Disusun Oleh:
1. Haryo Yudanto
2. Setyo Herlina
2016/2017
BAB 1
PENDAHULUAN
A. Latar Belakang
Sinusitis merupakan penyakit yang sangat lazim diderita di seluruh dunia,
hampir menimpa kebanyakan penduduk Asia. Penderita sinusitis bisa dilihat dari
ibu jari bagian atas yang kempot. Sinusitis dapat menyebabkan seseorang menjadi
sangat sensitif terhadap beberapa bahan, termasuk perubahan cuaca (sejuk),
pencemaran alam sekitar, dan jangkitan bakteri. Gejala yang mungkin terjadi pada
sinusitis adalah bersin-bersin terutama di waktu pagi, rambut rontok, mata sering
gatal, kaki pegal-pegal, cepat lelah dan asma. Jika kondisi ini berkepanjangan
akan meimbulkan masalah keputihan bagi perempuan, atau ambeien (gangguan
prostat) bagi laki-laki.
Menurut Lucas seperti yang di kutip Moh. Zaman, etiologi sinusitis sangat
kompleks, hanya 25% disebabkan oleh infeksi, sisanya yang 75% disebabkan oleh
alergi dan ketidakseimbangan pada sistim saraf otonom yang menimbulkan
perubahan-perubahan pada mukosa sinus.
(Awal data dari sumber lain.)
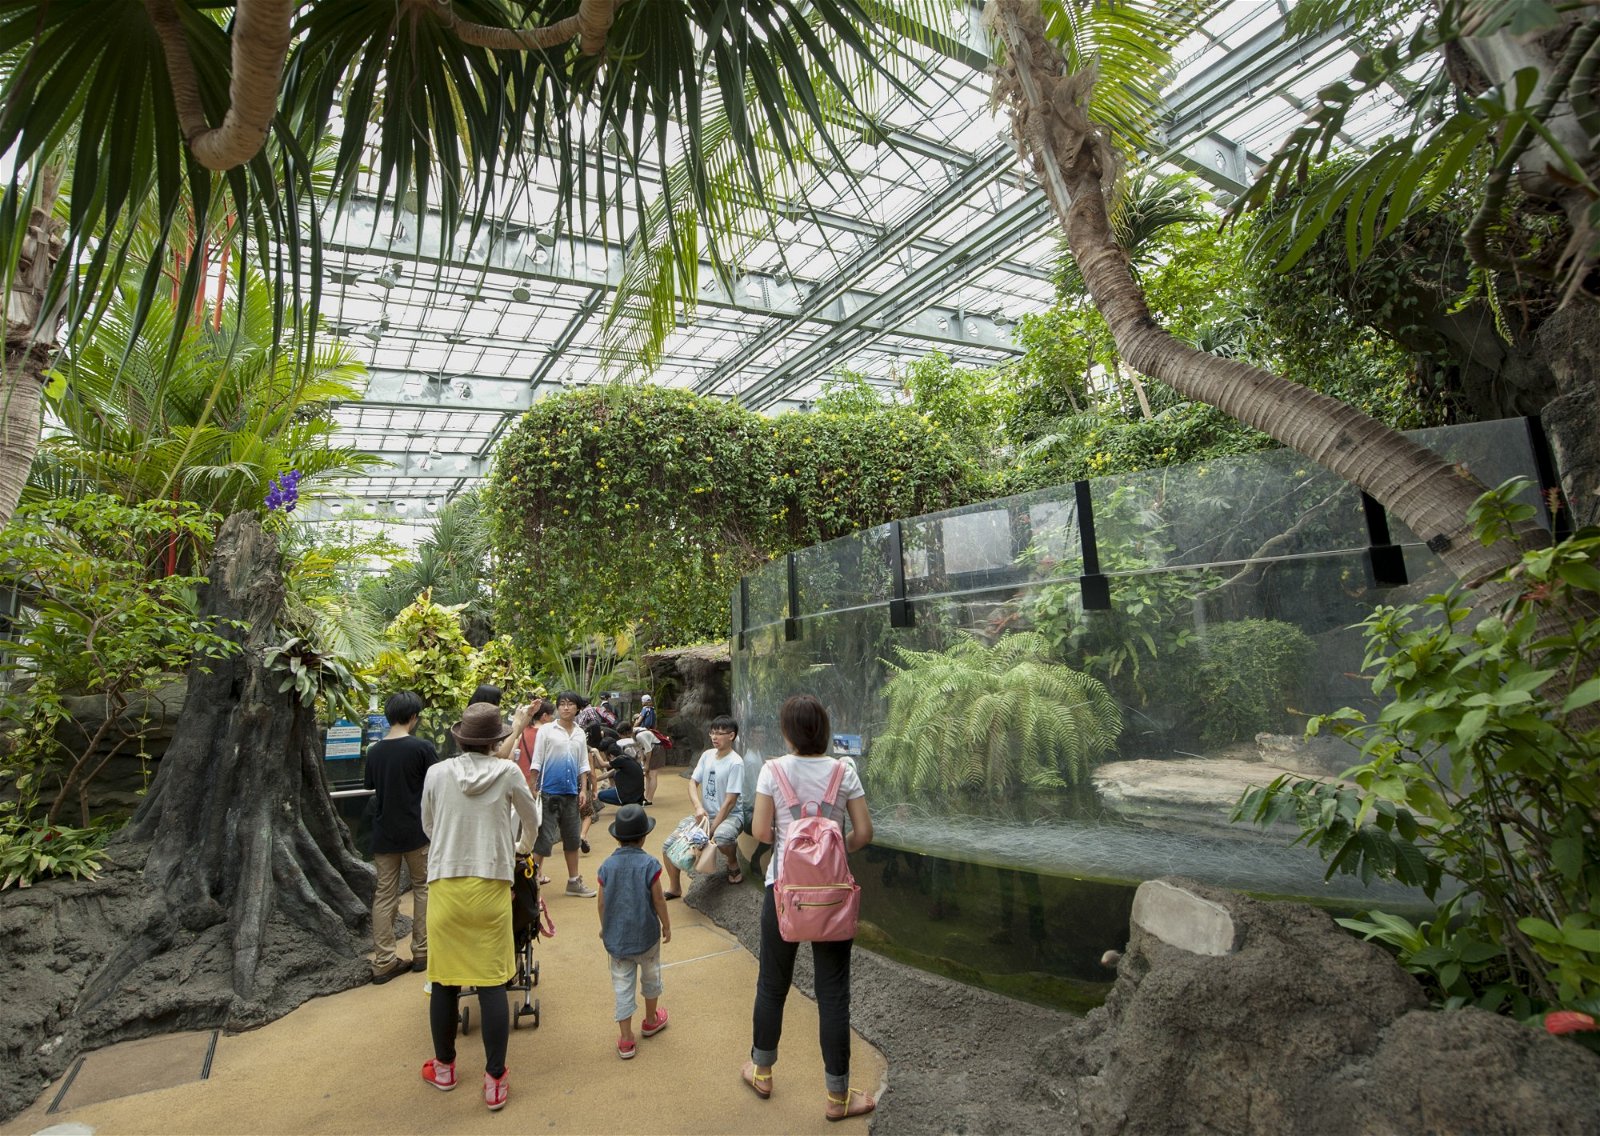 日本最古老、入园人数最多的东京上野动物园早在2005年就已推行与动物“零距离”的动物园展示规划，舍弃冰冷的栅栏，采用透明水族箱，让游客近距离观察动物的行动。

Suwasono dalam penelitiannya pada 44
penderita sinusitis maksila kronis mendapatkan 8 di antaranya (18,18%)
memberikan tes kulit positif dan kadar IgE total yang meninggi. Terbanyak pada
kelompok umur 21-30 tahun dengan frekuensi antara laki-laki dan perempuan
seimbang. Hasil positif pada tes kulit yang terbanyak adalah debu rumah
(87,75%), tungau (62,50%) dan serpihan kulit manusia (50%).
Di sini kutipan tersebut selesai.